At the call to setChildren, the TreeNode object is not fully initialized - the
left and right fields are not set yet.
Your signature for setChildren requires that at least the TreeNode fields are
initialized - which is not the case at the call site - and the correct error is
raised.
To make the example pass, you simply need to change the signature to:
@EnsuresNonNull({"left", "right"})
void setChildren(@UnderInitialization(Object.class) TreeNode this, TreeNode l, TreeNode r) {
Does this behavior make sense now?
Is there documentation that we're missing?

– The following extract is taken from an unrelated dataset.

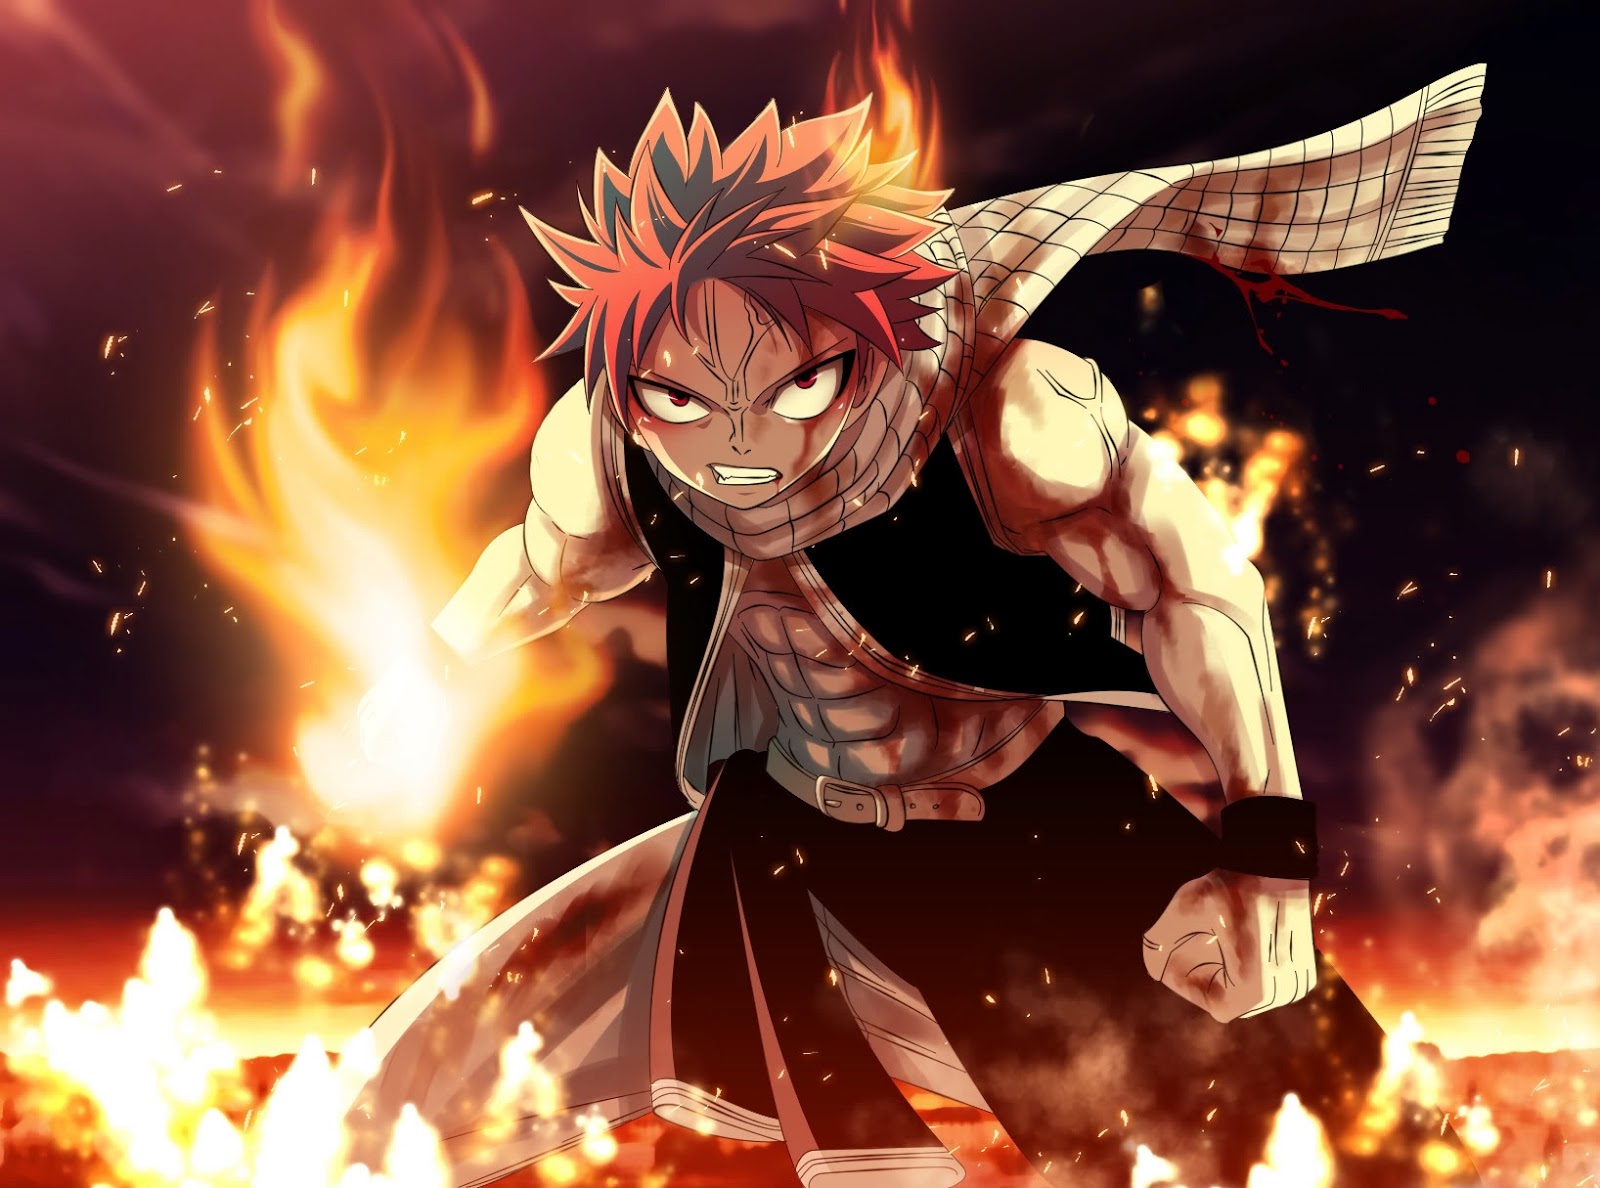 Can Natsu use the power of the other Dragon Slayers? - Quora

The Javadoc at
https://code.google.com/p/checker-framework/source/browse/checker/src/org/checke
rframework/checker/initialization/qual/UnderInitialization.java
highlights that the argument is inclusive multiple times.
Thanks,
cu, WMD.
Original comment by wdi...@gmail.com
on 1 May 2014 at 4:33
Hi Werner,
Thank you for your quick response. I noticed that the javadoc mentioned
"inclusive" and wondered if it's a bug in the manual, javadoc, or the checker.
Your response implies that the bug is in the manual. See the example code for
@UnderInitialization at
<http://types.cs.washington.edu/checker-framework/current/checkers-manual.html#i
nitialization-checker>. Per your explanation, I expect the checker to raise an
error on the code example in the manual, right?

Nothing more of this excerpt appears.